* WORK TASK
What is needed is the number of lines below that contain the word "pour", with no other output.

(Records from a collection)
***

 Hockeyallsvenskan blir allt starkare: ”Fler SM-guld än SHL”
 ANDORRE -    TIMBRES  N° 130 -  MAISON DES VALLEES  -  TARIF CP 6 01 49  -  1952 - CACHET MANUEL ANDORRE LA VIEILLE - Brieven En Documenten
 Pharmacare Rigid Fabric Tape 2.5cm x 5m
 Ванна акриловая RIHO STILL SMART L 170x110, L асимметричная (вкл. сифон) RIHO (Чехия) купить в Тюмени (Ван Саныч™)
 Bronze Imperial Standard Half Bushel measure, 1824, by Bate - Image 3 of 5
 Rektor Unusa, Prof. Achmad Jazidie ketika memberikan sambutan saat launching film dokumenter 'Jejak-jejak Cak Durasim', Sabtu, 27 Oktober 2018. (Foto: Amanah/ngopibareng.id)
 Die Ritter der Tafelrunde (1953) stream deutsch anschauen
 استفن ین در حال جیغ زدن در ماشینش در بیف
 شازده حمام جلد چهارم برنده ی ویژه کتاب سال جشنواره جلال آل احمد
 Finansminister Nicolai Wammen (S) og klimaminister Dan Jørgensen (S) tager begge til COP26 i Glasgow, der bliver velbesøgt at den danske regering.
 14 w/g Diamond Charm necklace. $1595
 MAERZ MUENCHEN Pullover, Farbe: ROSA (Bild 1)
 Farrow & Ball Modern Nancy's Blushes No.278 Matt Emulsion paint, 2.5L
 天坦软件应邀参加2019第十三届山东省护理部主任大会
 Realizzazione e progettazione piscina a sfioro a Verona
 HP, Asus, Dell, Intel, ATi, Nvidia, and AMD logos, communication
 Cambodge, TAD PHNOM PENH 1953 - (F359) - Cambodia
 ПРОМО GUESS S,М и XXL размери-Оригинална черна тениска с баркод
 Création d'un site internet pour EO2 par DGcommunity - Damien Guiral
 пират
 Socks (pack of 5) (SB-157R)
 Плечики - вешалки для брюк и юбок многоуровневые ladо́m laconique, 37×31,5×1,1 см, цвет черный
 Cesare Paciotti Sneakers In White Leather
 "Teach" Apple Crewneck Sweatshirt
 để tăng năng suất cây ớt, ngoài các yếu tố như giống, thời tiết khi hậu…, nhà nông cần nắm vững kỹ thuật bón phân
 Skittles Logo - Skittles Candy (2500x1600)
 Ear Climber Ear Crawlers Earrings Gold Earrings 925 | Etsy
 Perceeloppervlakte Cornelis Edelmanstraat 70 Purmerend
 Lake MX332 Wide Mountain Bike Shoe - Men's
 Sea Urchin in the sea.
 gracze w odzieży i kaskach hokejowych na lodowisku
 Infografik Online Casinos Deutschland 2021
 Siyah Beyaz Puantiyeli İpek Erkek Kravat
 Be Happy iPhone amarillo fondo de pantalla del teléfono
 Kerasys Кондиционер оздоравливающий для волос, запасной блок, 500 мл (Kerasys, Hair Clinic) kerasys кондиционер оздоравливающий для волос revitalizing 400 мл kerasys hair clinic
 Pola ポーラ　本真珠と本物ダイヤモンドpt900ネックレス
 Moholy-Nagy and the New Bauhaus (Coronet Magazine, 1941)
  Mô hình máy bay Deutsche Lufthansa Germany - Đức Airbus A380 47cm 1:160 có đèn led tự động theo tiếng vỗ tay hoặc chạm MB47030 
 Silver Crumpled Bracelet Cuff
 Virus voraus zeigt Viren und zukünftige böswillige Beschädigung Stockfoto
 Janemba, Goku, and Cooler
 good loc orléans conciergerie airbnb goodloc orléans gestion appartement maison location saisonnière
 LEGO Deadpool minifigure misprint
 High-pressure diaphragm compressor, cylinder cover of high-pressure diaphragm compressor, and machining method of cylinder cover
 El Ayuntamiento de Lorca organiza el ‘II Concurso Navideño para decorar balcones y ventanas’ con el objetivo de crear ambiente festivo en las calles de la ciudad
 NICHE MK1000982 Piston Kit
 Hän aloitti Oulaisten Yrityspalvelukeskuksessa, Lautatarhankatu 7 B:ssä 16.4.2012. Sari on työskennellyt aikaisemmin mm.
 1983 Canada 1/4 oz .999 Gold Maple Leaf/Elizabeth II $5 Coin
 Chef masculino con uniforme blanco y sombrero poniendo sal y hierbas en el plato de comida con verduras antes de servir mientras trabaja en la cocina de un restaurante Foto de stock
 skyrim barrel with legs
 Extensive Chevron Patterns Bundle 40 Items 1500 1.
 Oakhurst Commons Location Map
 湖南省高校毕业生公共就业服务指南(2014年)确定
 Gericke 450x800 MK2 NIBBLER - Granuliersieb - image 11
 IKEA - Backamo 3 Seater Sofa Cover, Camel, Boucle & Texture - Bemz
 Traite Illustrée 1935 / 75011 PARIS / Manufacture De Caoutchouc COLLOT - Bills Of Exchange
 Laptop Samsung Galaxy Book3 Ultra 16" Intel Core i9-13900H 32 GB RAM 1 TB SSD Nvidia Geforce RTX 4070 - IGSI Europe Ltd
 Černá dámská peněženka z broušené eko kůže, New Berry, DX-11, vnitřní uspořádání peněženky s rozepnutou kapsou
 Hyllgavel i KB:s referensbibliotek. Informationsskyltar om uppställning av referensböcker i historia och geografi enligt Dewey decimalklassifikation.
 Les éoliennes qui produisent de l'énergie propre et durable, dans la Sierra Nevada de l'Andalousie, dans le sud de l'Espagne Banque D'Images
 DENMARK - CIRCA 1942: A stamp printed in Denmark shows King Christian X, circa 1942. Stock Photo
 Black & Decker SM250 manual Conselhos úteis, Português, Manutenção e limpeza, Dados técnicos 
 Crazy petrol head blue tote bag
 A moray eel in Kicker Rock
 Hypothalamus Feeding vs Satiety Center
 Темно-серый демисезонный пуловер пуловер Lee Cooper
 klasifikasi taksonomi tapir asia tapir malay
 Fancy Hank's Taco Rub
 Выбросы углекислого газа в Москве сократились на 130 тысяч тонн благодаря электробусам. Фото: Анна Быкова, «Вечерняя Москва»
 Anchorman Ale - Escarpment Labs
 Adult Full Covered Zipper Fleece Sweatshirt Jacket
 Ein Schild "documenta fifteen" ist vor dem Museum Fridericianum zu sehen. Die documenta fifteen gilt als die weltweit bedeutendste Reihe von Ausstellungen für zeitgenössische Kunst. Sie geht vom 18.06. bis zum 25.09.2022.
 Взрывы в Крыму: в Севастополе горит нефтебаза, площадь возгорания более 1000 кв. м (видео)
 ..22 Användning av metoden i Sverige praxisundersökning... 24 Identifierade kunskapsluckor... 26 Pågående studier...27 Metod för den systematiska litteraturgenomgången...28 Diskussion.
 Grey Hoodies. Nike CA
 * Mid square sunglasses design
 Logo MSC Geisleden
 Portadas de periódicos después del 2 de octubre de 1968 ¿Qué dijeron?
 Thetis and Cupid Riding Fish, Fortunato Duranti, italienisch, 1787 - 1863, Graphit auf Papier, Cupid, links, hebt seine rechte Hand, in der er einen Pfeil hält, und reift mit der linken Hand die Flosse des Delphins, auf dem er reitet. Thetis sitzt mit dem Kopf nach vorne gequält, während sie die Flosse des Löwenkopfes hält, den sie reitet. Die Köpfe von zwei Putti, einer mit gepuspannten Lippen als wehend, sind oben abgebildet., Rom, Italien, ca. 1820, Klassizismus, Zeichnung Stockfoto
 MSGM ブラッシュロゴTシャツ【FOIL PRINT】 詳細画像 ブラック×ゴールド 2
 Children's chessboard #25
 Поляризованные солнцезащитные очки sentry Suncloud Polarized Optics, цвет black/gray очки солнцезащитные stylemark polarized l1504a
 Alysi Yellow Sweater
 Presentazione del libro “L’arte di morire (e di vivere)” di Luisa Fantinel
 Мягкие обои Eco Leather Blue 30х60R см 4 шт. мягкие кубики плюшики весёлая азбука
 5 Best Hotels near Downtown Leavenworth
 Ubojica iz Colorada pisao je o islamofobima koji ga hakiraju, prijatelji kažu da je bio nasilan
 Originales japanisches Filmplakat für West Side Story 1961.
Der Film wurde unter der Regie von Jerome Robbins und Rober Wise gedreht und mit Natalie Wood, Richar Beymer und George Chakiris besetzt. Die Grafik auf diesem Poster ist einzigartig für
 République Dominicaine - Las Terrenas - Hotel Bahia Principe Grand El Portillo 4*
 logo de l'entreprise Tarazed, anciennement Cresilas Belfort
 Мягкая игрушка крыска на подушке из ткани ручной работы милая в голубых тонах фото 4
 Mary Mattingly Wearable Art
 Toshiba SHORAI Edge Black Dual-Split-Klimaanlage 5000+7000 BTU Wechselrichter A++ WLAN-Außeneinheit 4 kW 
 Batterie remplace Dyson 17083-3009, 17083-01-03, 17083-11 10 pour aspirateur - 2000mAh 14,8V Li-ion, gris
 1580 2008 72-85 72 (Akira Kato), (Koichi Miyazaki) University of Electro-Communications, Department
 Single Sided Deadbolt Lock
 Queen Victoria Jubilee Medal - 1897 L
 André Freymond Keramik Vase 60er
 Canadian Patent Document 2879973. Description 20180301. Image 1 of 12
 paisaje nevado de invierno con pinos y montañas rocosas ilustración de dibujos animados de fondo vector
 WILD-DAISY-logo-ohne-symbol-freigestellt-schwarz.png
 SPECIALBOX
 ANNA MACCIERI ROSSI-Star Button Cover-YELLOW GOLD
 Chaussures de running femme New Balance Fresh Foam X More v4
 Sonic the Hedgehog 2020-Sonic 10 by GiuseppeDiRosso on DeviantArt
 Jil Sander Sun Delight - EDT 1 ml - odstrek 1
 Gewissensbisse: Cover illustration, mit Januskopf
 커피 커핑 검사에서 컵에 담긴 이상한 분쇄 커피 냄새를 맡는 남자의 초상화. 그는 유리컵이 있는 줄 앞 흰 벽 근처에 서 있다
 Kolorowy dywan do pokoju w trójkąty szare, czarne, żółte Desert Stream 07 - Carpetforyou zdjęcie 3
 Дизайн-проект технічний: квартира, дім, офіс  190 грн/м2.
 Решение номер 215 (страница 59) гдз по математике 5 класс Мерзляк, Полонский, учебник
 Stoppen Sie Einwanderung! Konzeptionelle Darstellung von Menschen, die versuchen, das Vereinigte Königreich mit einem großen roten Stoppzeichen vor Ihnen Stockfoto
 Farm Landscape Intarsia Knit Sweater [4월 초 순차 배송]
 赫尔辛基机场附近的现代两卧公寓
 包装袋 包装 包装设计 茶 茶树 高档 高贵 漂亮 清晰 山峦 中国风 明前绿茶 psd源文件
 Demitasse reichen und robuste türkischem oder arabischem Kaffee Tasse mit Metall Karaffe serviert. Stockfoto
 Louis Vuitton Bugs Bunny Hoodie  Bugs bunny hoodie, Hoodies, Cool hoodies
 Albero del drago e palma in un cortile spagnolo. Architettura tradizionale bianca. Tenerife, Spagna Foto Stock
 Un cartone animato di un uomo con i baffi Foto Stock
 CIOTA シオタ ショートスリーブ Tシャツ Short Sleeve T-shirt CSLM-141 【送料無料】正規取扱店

***

* RESPONSE
2